Object Detection on Indian Roads using TensorFlow

Let's see how we can use Google’s Object Detection Model on Indian roads.

Image title — Photo by Atharva Tulsi on Unsplash

To the reader

The original version of this article was written for Medium.com here I have attempted to export my articles here.

Origin:¶

First of all, let’s talk about the dataset. The dataset containing all the relevant data can be found here. The dataset consists of images obtained from a front-facing camera attached to a car. The car was driven around Hyderabad, Bangalore cities and their outskirts. The images are mostly of 1080p resolution, but there are also some images with 720p and other resolutions.

To download the data you click on Dataset -> Download. Before the data starts to download you have to sign in with your account.

Once, the download is complete there will be 2 folders available:

Detection Folder
Segmentation Folder Since I am working on detecting objects, I worked on the Detection folder.

Inside the folder:¶

Inside the detection folder, there are 3 main things:

JpegImages Folder¶

This folder contains all the pictures that are extracted from the videos recorded while driving around some Indian cities.

Annotation Folder — This folder contains all the annot files for each training image in a “.xml”. The annot files are in the Pascal VOC format.
There are also 3 “.txt” files named — train, test, val. These files contain the relative path to each image in the folder which states whether the files will be used for train, test or val which is validation.

Note

I have tried to implement different executions of other models like Yolo, Yolo-v3 but since they did not work correctly, I am choosing to write only about the one that did.

Choosing what to execute:¶

I was reading articles before working on this project, on the Object Detection API by Google — how it is a single stop solution to implement all the major models of computer vision and decided to give it a go.

Next most important thing was to choose what model I wanted to execute to detect objects from the images. The Object Detection API has the capability to execute many different types of models, like ssd_mobilenet_v1, faster_rcnn_resnet50 to name a few.

The complete list of models and the weights that they are trained on can be found in Tensorflow detection model zoo.

Each model named here has 2 columns listed beside it. One is for “Speed” — how quickly can a model predict and another is “mAP” — which loosely translates to how accurate the model is usually (based on test conditions). Point to note here is that there is usually a tradeoff between speed and accuracy in these models

So after reviewing all the models, I decided to go with ssd_inception_v2_coco as it provides a good trade-off between speed and accuracy.

Implementing the model¶

Well, to be honest, the best step by step guide on how to implement the model is given here. The tutorial has detailed writeup on how to go about executing the model and all the best practice ways to do it like setting up a workspace.

But here are some of my pointers/learnings that I followed while working on this problem.

Don’t mess around with your original anaconda environment if you are not confident.¶
I use anaconda for my projects locally and I have a bad history with goofing up the original installation of anaconda which resulted in multiple errors while using the TensorFlow with GPU. This in turn can lead to multiple resets and uninstall of PATH variables, GPU drivers, etc The best solution to this problem would be to make a new Conda environment for this project.
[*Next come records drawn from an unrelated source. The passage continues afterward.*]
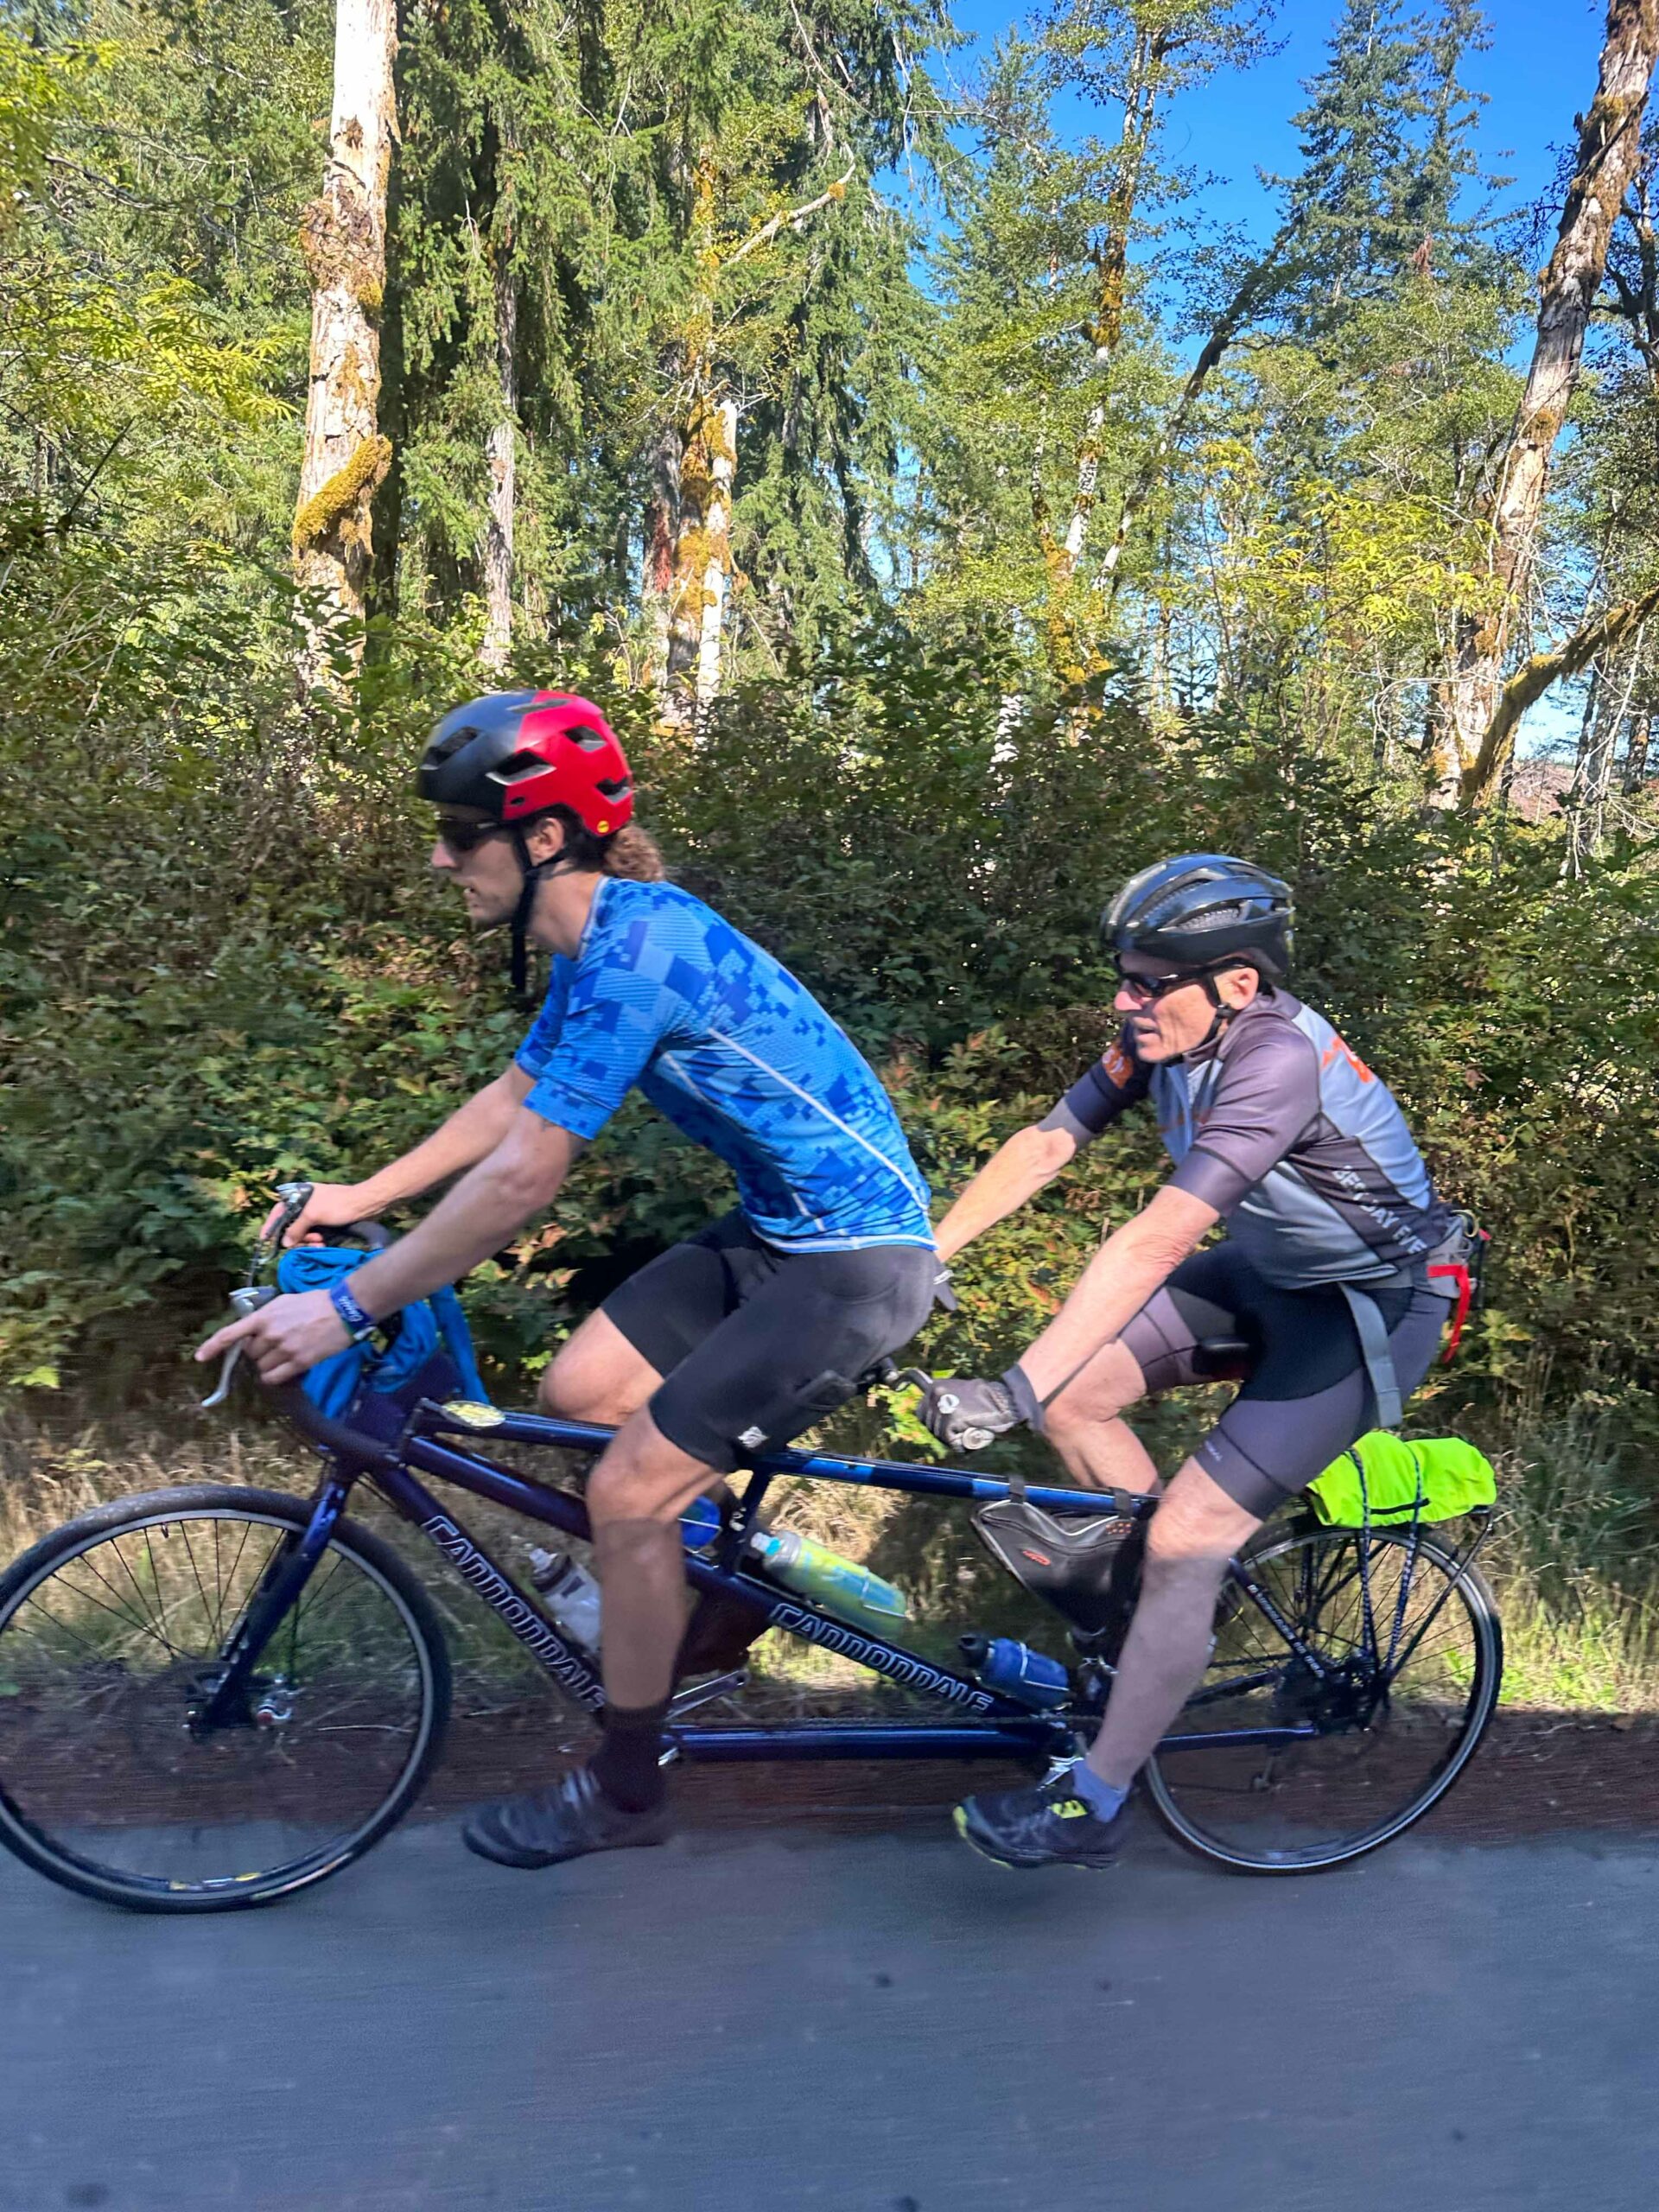 On a tandem bike there is an OAS staff, wearing a red helmet, at the front of the tandem with a blind adaptive athlete in the rear seat wearing a gray helmet.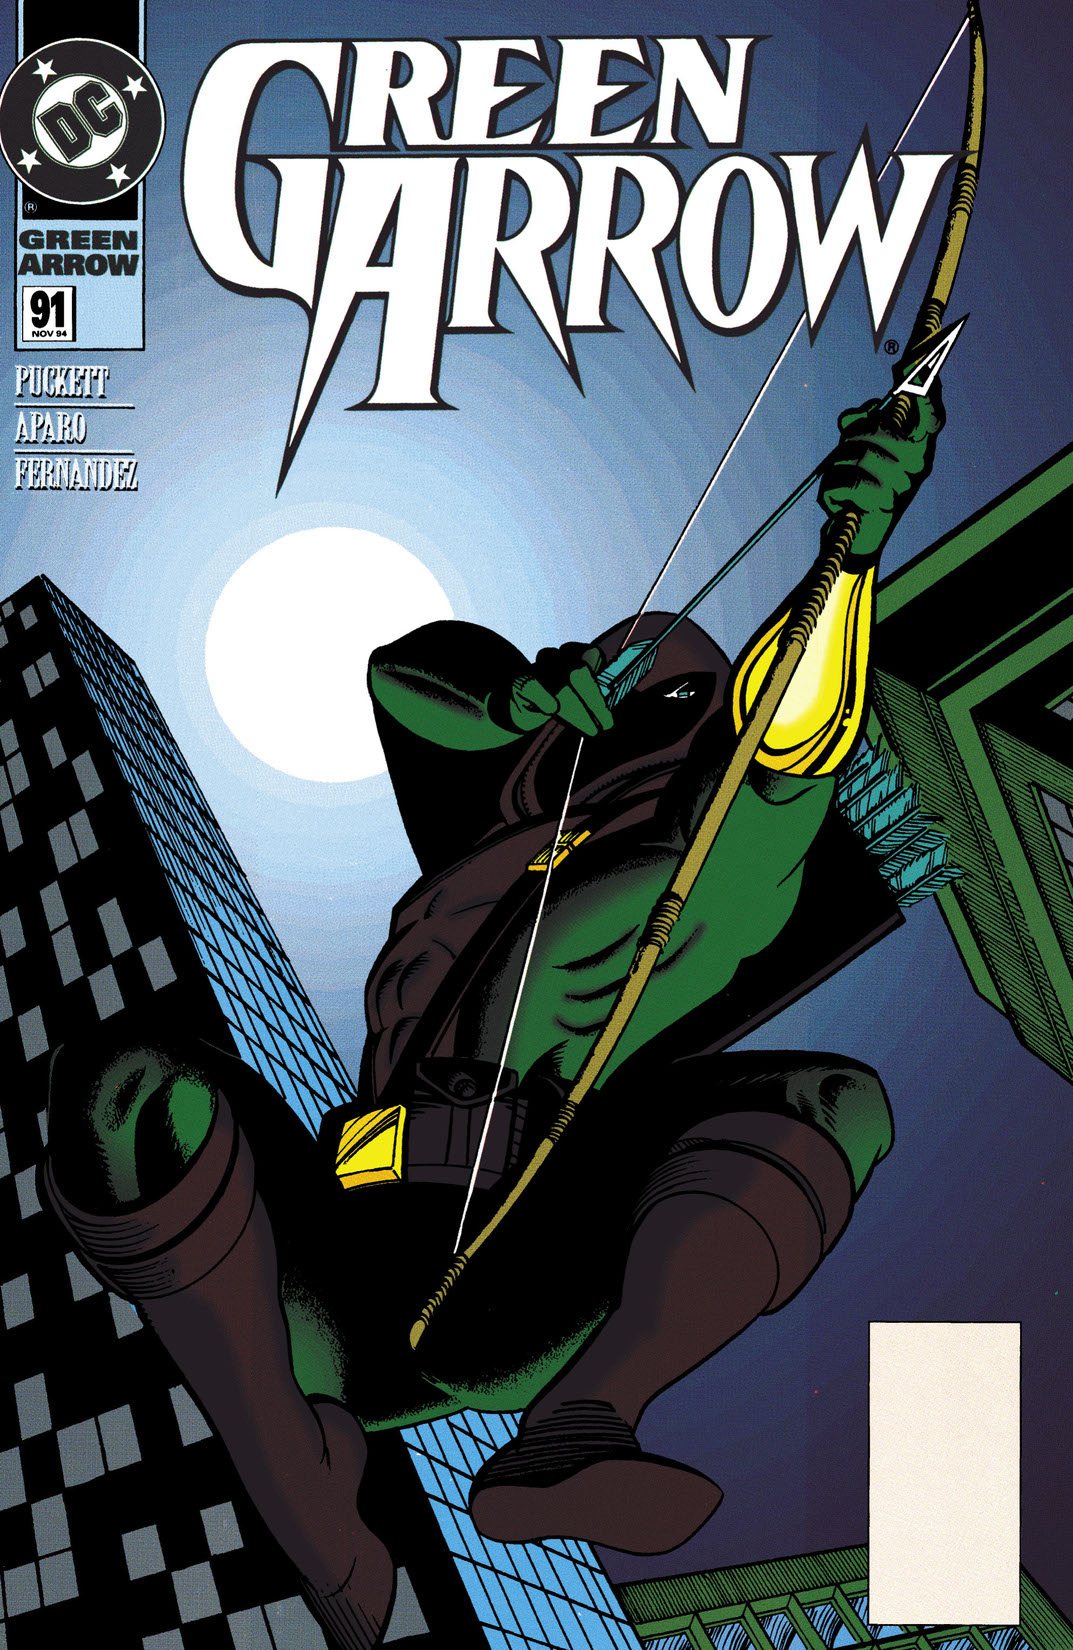 Green Arrow (1987-1998) #91 preview images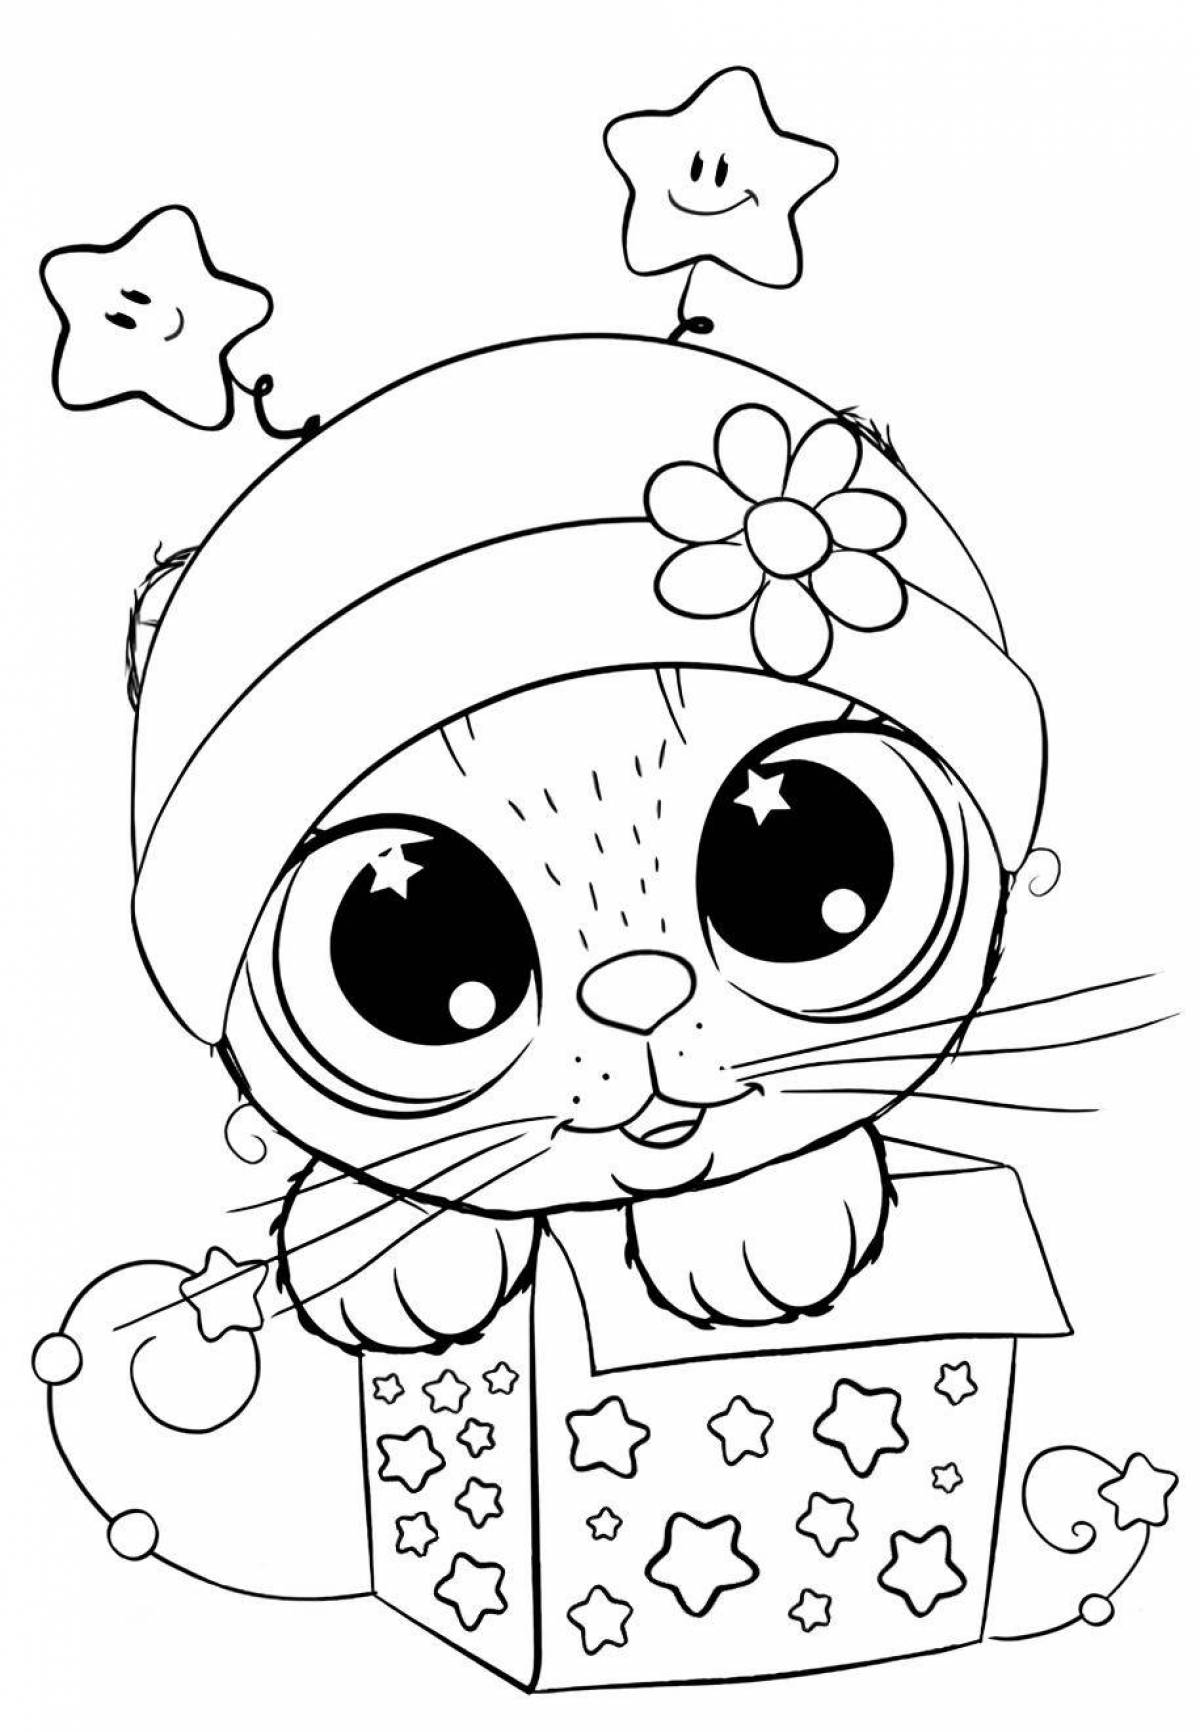 Funny coloring book the cutest in the world

I am linking an excellent blog/tutorial on how to start with this here.
There is a big flaw that I discovered much later while working with this dataset.¶
As I have already discussed that the dataset consists of JPEGImages and XML files. The images and the xml files (should ideally) have a 1-to-1 relationship i.e. for every “.jpg” training image there should be a “.xml” file. Unfortunately such is not the scenario for the dataset provided here.
Processing and Separation of files are important due to the above-mentioned reason.¶
So here is what I did. Since the images provided were of 3 types:
1. Train — for training
2. Test — for testing
3. Val — for validation So I wrote a script to read the file name of every training image and check if the corresponding xml file exists. If yes, then copy both the image and xml file to another folder called “training”. Repeat the process for test and val, only that the test images don’t have any corresponding xml files obviously.
4. During the part where you need to install Protobuf, be careful not to install the version 3.5 or more. This will save you a lot of time by utilising the multi-file selection wildcard (i.e *.proto)
5. While converting the .xml to .csv and from .csv to .record I copy-pasted the scripts and executed them using Jupyter Notebooks. I was easy to edit and provide easy debug on the code lines. Also, I could change the way the script was talking inputs based on my new folder structure.
6. While executing the custom training of your model be sure to lower the training batch number based on your machine’s capabilities. Otherwise it may lead to errors and training will stop.

After following the tutorial to implement a ssd_inception_v2_coco model I had to test it on the images of Indian traffic/roads.

Here are some of the output images:

Sample Image 1
Sample Image 2
Sample Image 3

As we can see that the model does a pretty good job of detecting relevant objects on the input images with a moderate confidence rate.

End Notes:¶

While I did want to train on custom data (I actually did it halfway before running into a bunch of errors and dependency issues) I feel the pre-trained labels works fairly for images of Indian roads and traffic.

While work on autonomous cars have miles to go (no pun intended) before being able to tackle the chaotic and unstructured nature of Indian roads, working on object detection models are definitely the way forward.